= Joseph-Martin Cabirol =

French engineer and designer of diving equipment

Joseph-Martin Cabirol (28 March 1799 – 15 December 1874) was a French inventor who patented a new model of standard diving dress in Paris in 1855, based on Augustus Siebe's designs.

Cabirol was born in Narbonne on March 28, 1799. He was the son of Jean Guillaume Cabirol, a trader, and Marie Lescot. On April 1, 1829, in Bordeaux, he married Anne Caroline Royère, the daughter of a pension master in Béziers. He died 168 Marsal street in Paris, 9th district, on December 15, 1874, at the age of 75.

Cabirol's suit was made out of rubberized canvas. The helmet, for the first time, included a hand-controlled exhaust valve that the diver used to evacuate his exhaled air. The valve included a one-way valve which stops water from entering the helmet.

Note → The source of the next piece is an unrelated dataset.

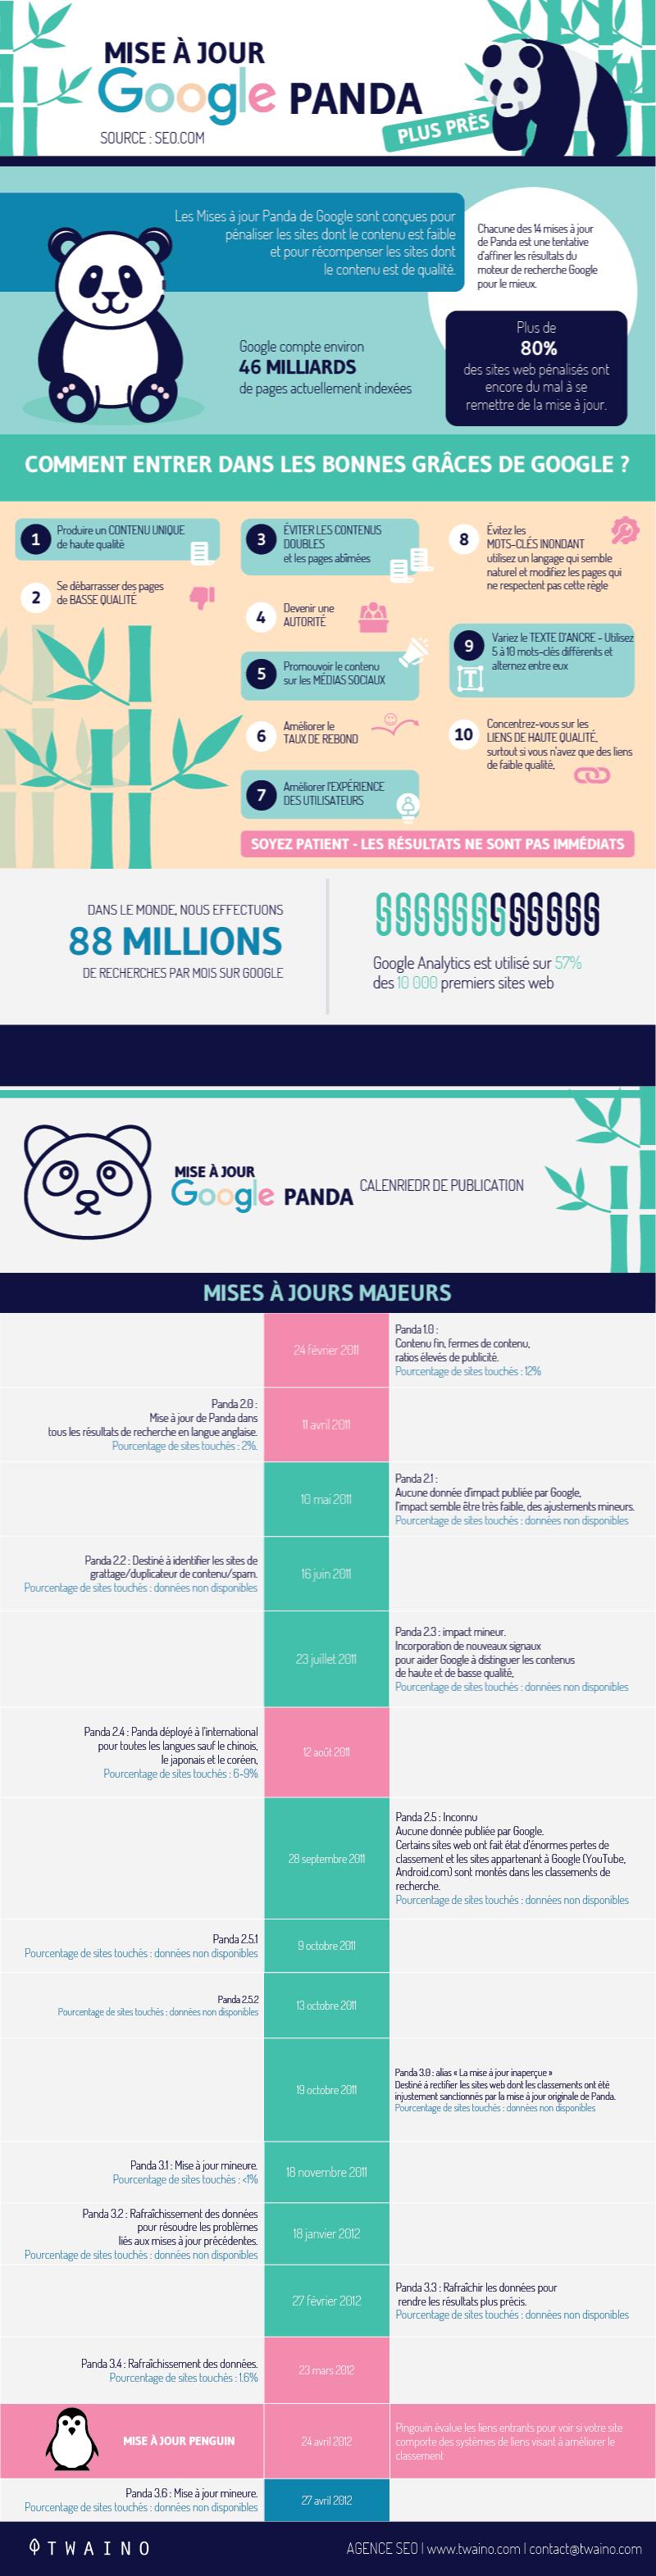 mise-a-jour-google-panda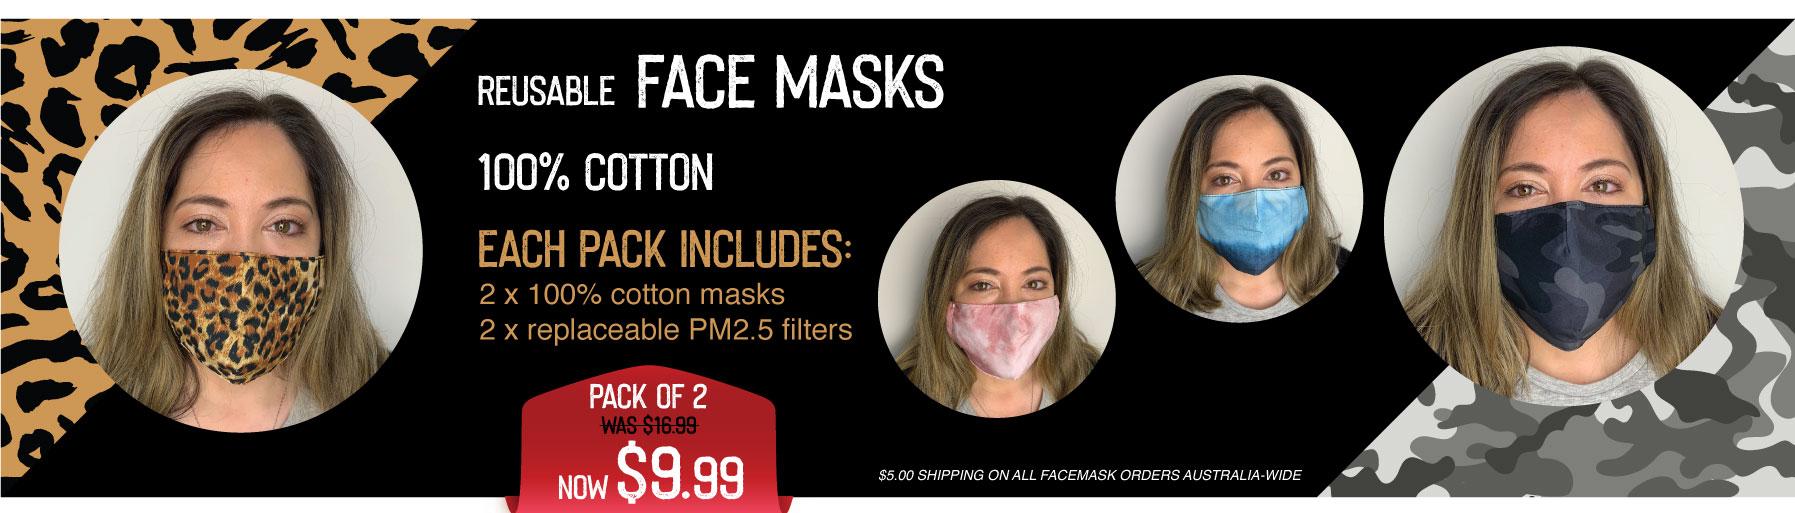 face-masks-banners.jpg

Until 1855 diving helmets were equipped with only three circular windows (front, left and right sides). Cabirol's helmet introduced a fourth window, in the upper front part of the helmet, which gave the diver an upward view. Having been presented to the Exposition Universelle in Paris, Cabirol's diving dress won the silver medal. The original diving dress and helmet are now preserved at the Conservatoire National des Arts et Métiers in Paris.

His gravestone has a carving of a goat on it, as 'cabirol' is Occitanian for "goat".